Keywords

1 Introduction

Cryo electron tomography (cryo-ET) is intended to explore the structure of an entire cell and constitutes a rapidly growing field in biology. The particularity of cryo-ET is that it is able to produce near to atomic resolution three-dimensional views of vitrified samples, which allows observing the structure of molecular complexes (e.g. ribosomes) in their physiological environment. This precious insight in the mechanism of a cell comes with a cost: i/ due to the low dose of electrons used to preserve specimen integrity during image acquisition, the amount of noise is very high; ii/ due to technical limitations of the microscope, complete tilting of the sample (180\(^\circ \)) is impossible, resulting into a blind spot. In other words, projections are not available for a determined angle range, hence the term “limited angle tomography”. This blind spot is observable in the Fourier domain, where the missing projections appear as a missing wedge (MW). This separates the Fourier spectrum into: the sampled region (SR) and the unsampled regions (MW). The sharp transition between these two regions is responsible for a Gibbs-like phenomenon: ray- and side-artifacts emanate from high contrast objects (see Fig. 1), which can hide important structural features in the image. Another type of artifact arises from the incomplete angular sampling: objects appear elongated in the blind spot’s direction (see Fig. 1). This elongation erases boundaries and makes it difficult to differentiate neighboring features.

Filling up the MW with relevant data can reduce or completely suppress these artifacts. Experimentally this can partially be done using dual-axis tomography [4], where the sample is tilted with respect to the second axis. Consequently the blind spot is smaller and the MW becomes a missing pyramid, which results into a smaller missing spectrum. In practice dual-axis tomography is technically more difficult to achieve and requires intensive post-processing in order to correct tilt and movement bias in the microscope. Another strategy consists in exploiting the symmetry of the observed structure to fill up the MW [3], but this can only be applicable to specific structures (e.g. virus). Another technique consists in combining several images, each containing a different instance of the same object, but with distinct blind spots. This technique is routinely used in cryo-ET and is known as sub-tomogram averaging [3], but it relies on the acquisition of several views of the same object type. Accordingly, edicated tomographic reconstruction algorithms have also been proposed, to compensate MW artifacts by using a regularization term [7, 10] and exploiting prior information. A simpler way of handling MW artifacts is described in [6], where a spectral filter is used to smooth out the transition between the SR and the MW. This filter is thus able to reduce ray- and side-artifacts, but the object elongation remains.
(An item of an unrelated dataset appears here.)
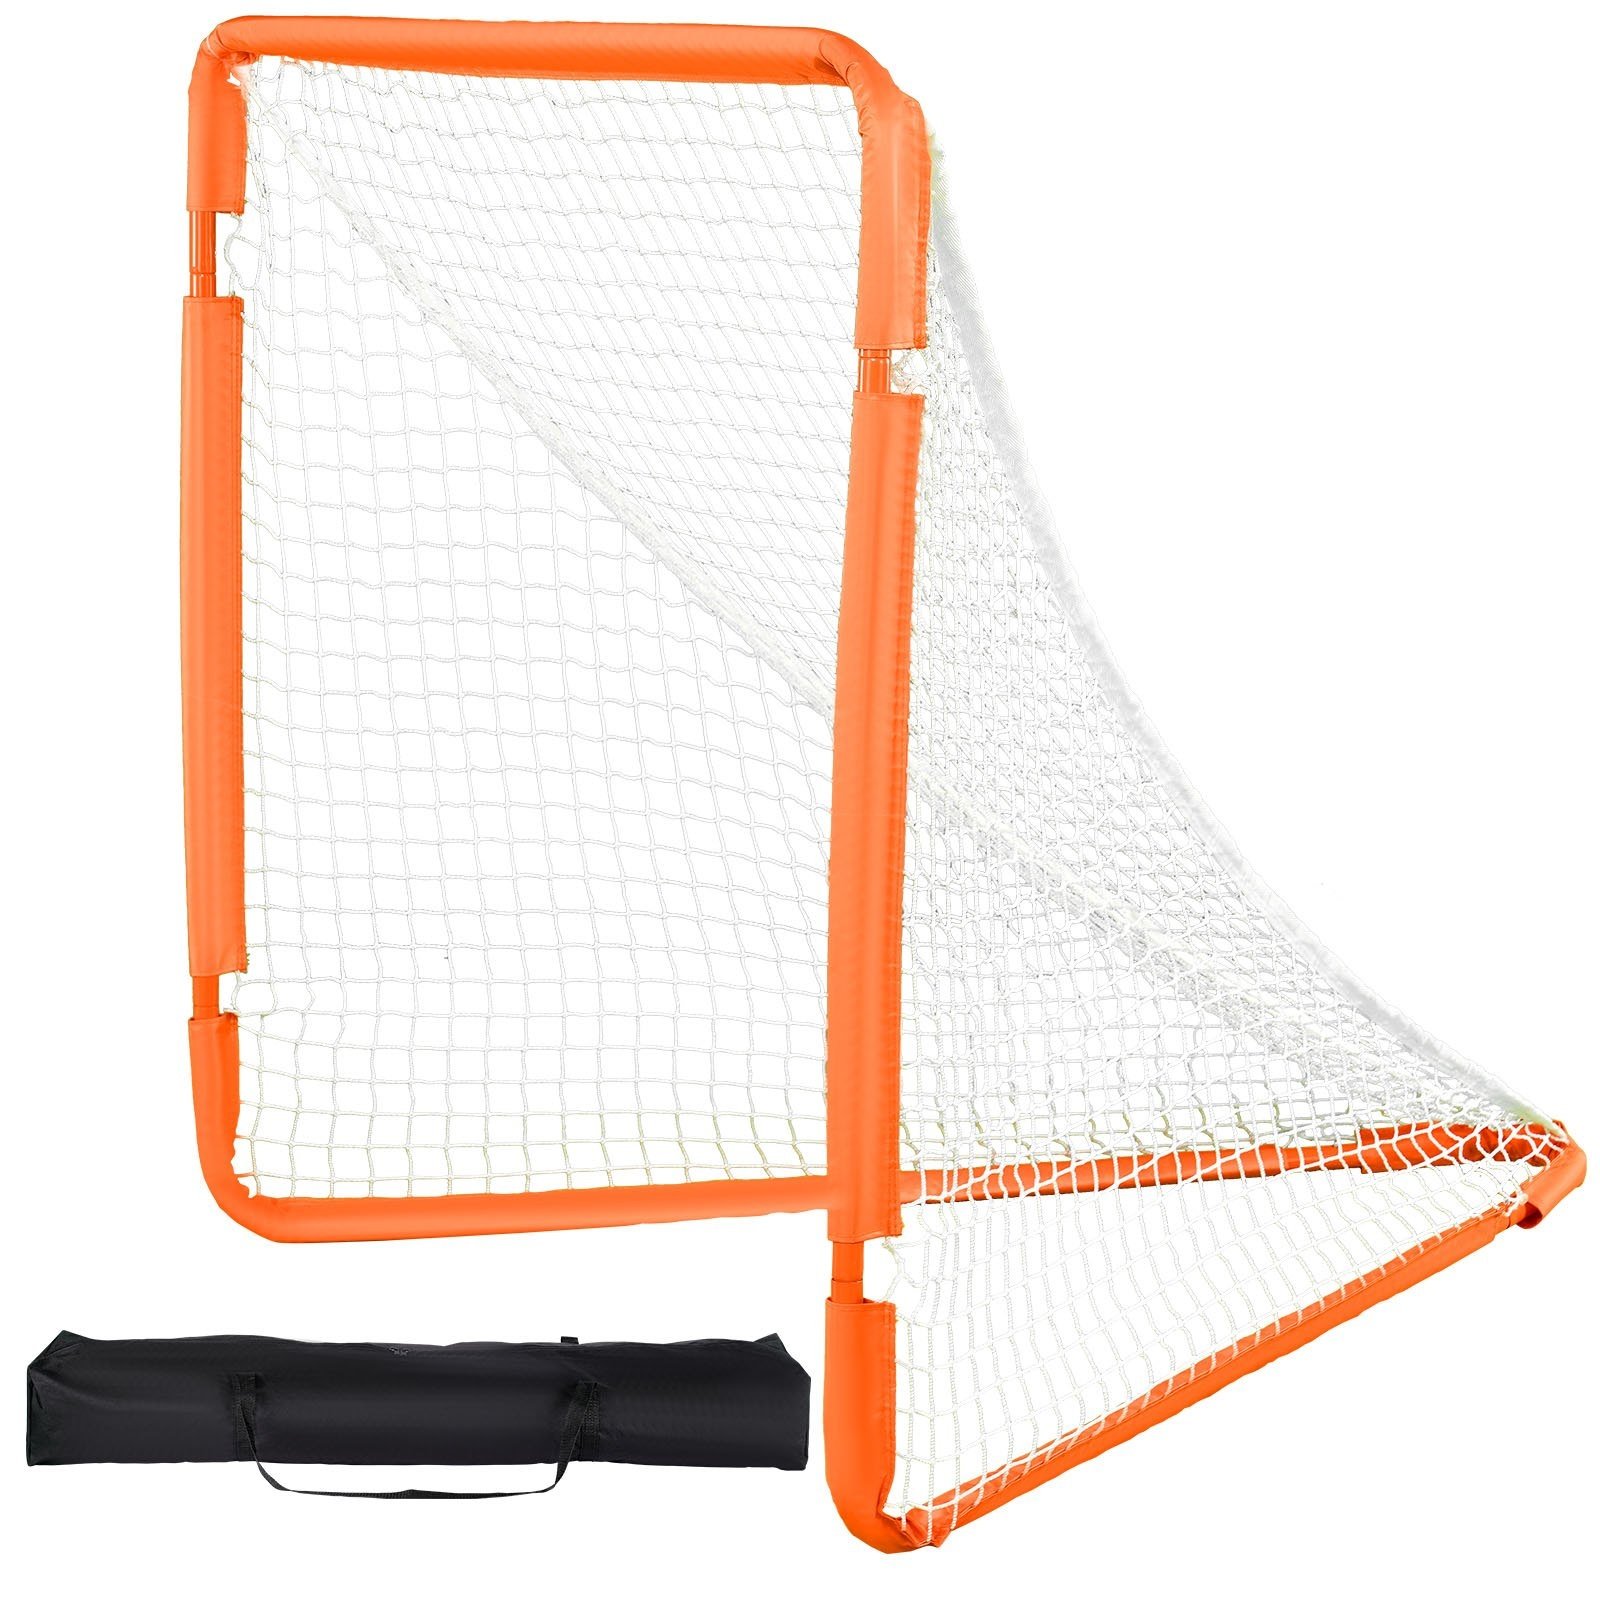 VEVOR Lacrosse-Tor, 4' x 4' kleines Kinder-Lacrosse-Netz, faltbares tragbares Lacrosse-Tor mit Tragetasche, Eisenrahmen-Hinterhof-Trainingsausrüstung, schneller und einfacher Aufbau, perfekt für Jugen

In this paper, we propose a stochastic method inspired from [2] for restoring 2D images and adapted to 3D in [9], and re-interpret the method to recover the MW in cryo-ET from a Monte Carlo (MC) sampling perspective. The method [9] has been shown to successfully recover missing regions in the Fourier domain, achieving excellent results for several missing region shapes, including the MW shape. The method [9] works by alternatively adding noise into the missing region and applying a patch-based denoising algorithm (BM4D). However, the method has no clear theoretical framework and appears therefore empirical. The authors interpret their method as a compressed sensing algorithm, which relies on two conditions: sparsity of the signal in some transform, and the incoherence between this transform and the sampling matrix. Actually, BM4D does rely on a transform where the signal is sparse. Nevertheless, it is not clearly established that this transform is incoherent with the sampling matrix, defined by the support of the SR. Therefore, there is no theoretical proof of convergence, even though the authors show numerical convergence. Also, the data in [9] is exclusively synthetic and corrupted with white Gaussian noise, for which BM4D has been well designed. It remains unclear how the method performs with experimental data and non Gaussian noise.

Consequently, we reformulate the method [9] as a Metropolis-Hastings procedure in the MCMC framework (Sect. 2), and demonstrate that it performs as well as the original method but converges faster. Moreover, any patch-based denoiser can be applied [5, 8, 9] and the concept is more general than [9]. Finally, we provide evidence that our method enhances signal in experimental cryo electron tomography images (Sect. 3).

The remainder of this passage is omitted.